Recorded information Block Start

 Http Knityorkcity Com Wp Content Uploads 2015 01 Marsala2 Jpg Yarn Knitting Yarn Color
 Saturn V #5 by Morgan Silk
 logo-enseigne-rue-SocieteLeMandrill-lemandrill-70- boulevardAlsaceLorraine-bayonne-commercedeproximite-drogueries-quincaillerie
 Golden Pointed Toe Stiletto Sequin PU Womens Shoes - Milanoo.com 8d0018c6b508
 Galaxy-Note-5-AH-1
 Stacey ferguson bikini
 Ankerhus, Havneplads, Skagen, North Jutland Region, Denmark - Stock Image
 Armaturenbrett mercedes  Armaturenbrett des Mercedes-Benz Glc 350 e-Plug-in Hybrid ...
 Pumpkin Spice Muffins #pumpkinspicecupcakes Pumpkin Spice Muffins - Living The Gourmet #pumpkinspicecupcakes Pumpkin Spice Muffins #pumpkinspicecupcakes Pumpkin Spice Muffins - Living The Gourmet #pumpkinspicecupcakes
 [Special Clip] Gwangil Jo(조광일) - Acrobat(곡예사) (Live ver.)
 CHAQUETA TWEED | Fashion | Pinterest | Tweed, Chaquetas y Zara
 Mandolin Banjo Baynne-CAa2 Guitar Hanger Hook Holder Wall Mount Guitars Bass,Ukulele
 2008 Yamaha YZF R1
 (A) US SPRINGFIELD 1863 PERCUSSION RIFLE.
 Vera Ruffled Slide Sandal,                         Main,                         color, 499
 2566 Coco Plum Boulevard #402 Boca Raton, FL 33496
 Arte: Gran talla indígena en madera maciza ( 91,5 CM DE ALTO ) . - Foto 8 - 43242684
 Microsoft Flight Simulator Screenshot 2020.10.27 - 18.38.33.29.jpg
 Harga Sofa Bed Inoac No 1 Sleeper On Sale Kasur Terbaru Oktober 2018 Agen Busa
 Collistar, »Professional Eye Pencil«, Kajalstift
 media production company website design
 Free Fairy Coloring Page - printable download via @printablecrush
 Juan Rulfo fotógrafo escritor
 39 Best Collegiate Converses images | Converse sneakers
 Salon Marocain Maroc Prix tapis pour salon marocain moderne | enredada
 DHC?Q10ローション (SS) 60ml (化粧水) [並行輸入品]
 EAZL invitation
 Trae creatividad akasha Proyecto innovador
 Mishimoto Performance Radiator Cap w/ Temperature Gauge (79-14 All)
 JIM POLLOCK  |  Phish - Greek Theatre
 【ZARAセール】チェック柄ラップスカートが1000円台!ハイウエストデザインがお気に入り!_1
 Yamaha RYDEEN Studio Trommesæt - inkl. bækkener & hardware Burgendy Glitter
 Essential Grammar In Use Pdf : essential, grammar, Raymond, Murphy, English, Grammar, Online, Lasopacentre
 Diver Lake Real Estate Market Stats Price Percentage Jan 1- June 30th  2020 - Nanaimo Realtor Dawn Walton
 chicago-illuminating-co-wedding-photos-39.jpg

Recorded information Block End

**Your objective**: Print the line containing "Mandolin Banjo Baynne-CAa2", then every line after it through the last line of the records, each exactly as written; nothing else belongs in the answer.

**Result for this task**:
 Mandolin Banjo Baynne-CAa2 Guitar Hanger Hook Holder Wall Mount Guitars Bass,Ukulele
 2008 Yamaha YZF R1
 (A) US SPRINGFIELD 1863 PERCUSSION RIFLE.
 Vera Ruffled Slide Sandal,                         Main,                         color, 499
 2566 Coco Plum Boulevard #402 Boca Raton, FL 33496
 Arte: Gran talla indígena en madera maciza ( 91,5 CM DE ALTO ) . - Foto 8 - 43242684
 Microsoft Flight Simulator Screenshot 2020.10.27 - 18.38.33.29.jpg
 Harga Sofa Bed Inoac No 1 Sleeper On Sale Kasur Terbaru Oktober 2018 Agen Busa
 Collistar, »Professional Eye Pencil«, Kajalstift
 media production company website design
 Free Fairy Coloring Page - printable download via @printablecrush
 Juan Rulfo fotógrafo escritor
 39 Best Collegiate Converses images | Converse sneakers
 Salon Marocain Maroc Prix tapis pour salon marocain moderne | enredada
 DHC?Q10ローション (SS) 60ml (化粧水) [並行輸入品]
 EAZL invitation
 Trae creatividad akasha Proyecto innovador
 Mishimoto Performance Radiator Cap w/ Temperature Gauge (79-14 All)
 JIM POLLOCK  |  Phish - Greek Theatre
 【ZARAセール】チェック柄ラップスカートが1000円台!ハイウエストデザインがお気に入り!_1
 Yamaha RYDEEN Studio Trommesæt - inkl. bækkener & hardware Burgendy Glitter
 Essential Grammar In Use Pdf : essential, grammar, Raymond, Murphy, English, Grammar, Online, Lasopacentre
 Diver Lake Real Estate Market Stats Price Percentage Jan 1- June 30th  2020 - Nanaimo Realtor Dawn Walton
 chicago-illuminating-co-wedding-photos-39.jpg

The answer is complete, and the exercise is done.